We will be fishing and having the BBQ at or near the small boat launch area. Park map below:

http://www.dnr.state.md.us/publiclands/southern/sandypointmap.html

Hurry up and clean up those rods and reels as this is going to be a fun time for all! Hope everyone can make it!


----------



## HuskyMD (May 19, 2000)

*sounds like a go*

count me in


----------



## FL FISHERMAN (Sep 30, 2002)

*Schweet*

I will be there with my 3 yr old son in tow!


----------



## HuskyMD (May 19, 2000)

*ok fine, I'll bring my 4 yr old and*

see if yours gets beat up.


----------



## FL FISHERMAN (Sep 30, 2002)

*LOL OK*

Anyone who has seen my son knows he is a bruiser. Already has two expulsions under his belt.  He beat up some of the older kids when they wouldn't play nice and so 2 babysitters later we hope this one will last  LOL see ya there!


----------



## Big Rad (May 19, 2003)

*I'll bring Kyle...*

My 11 year old can keep the peace I hope. Or maybe your to little guys can tag - team to keep him in line


----------



## BigJeff823 (Oct 14, 2002)

*Don't be Surprized if I cant show up*

I work on Saturdays from 8am-2pm but I might come by later.We'll see.


----------



## Hat80 (Sep 22, 2002)

*Hey Ron,*

You know I'll be there. I'll get that PM out to you ASAP. .....Tightlines


----------



## Flounda (Sep 9, 2001)

It still kinda early, but count me in. I'll be sending you the PM.


----------



## Orest (Jul 28, 2003)

Am in.

Check your PM.


----------



## FISHIN ROD (Feb 12, 2003)

count me in.


----------



## sand flea (Oct 24, 1999)

Are there any concessions we can get from the management there about hours for fishing? I know that I'd like to see the fall hours extended (maybe 11 PM until Dec. 1).


----------



## Orest (Jul 28, 2003)

*Ron - How many*

member have you gotten PM from?

Have we got a "What to bring in the way of food list yet?"


----------



## hookem (Mar 27, 2001)

My son and I are planning to attend. He's seven by then. I'll check with the wife first. Maybe they can join us later for the bbq. Can't wait to see you all there.

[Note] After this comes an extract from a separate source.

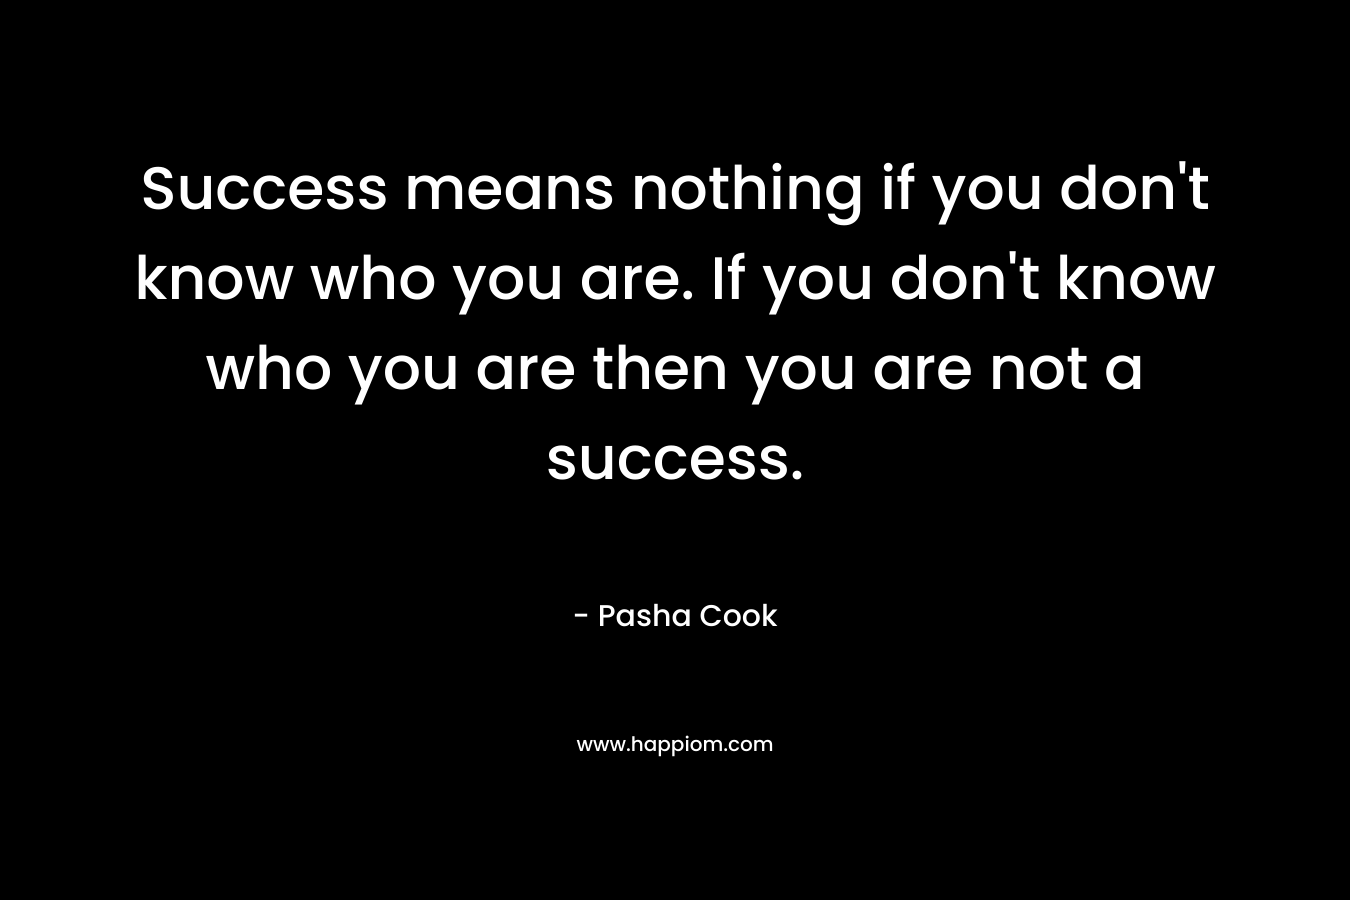 Success means nothing if you don’t know who you are. If you don’t know who you are then you are not a success. – Pasha Cook

What's with this catch and release business. Rockfish season starts the week before that. I don't know about you, but I want them horses.


----------



## TRIGGERFISH (May 21, 2001)

Yea whats the idea of C&R, I need some fish for my tummy...mmmmmmmmmmmmmmmmmm!


----------



## catman (May 28, 2001)

*Trophy Season*

You can keep one rock over 28", season starts 4/17 through 5/15. Might be some croakers up that far by then also.

Catman.


----------



## TRIGGERFISH (May 21, 2001)

That's what I'm talking about"croaker" I'll throw back the little rock but if I catch a 28"er or better....well.


----------



## catman (May 28, 2001)

Sand Crab...Count me in for the clean-up. Wasn't sure if I could make it but rearranged things a little.

Catman.


----------



## sand flea (Oct 24, 1999)

Sandcrab, I should be able to make it.


----------



## Hat80 (Sep 22, 2002)

*Are you*

going to bring the bourbon*?*  LOL.....Tightlines


----------



## TRIGGERFISH (May 21, 2001)

So sandcrab what's the deal on the clean up and whom is bringing what????? I can bring some home made pork&beans a big pot. Forget the jumbalya.TRIGGER


----------



## fish-on (May 12, 2002)

in the original post, it was mentioned that catch and release fishing will be done. there have been comments made but no official response. so, what's the deal, if we participate in clean-up we have to catch and release...or is that just an option or mis-print?


----------



## Rugger (Sep 30, 2002)

Well, I'll certainly be there for catch and eat...


----------



## SurfMan (Jun 4, 2003)

*Should be there*

WtrDog and I should be there.... Just tell us what you would like us to bring.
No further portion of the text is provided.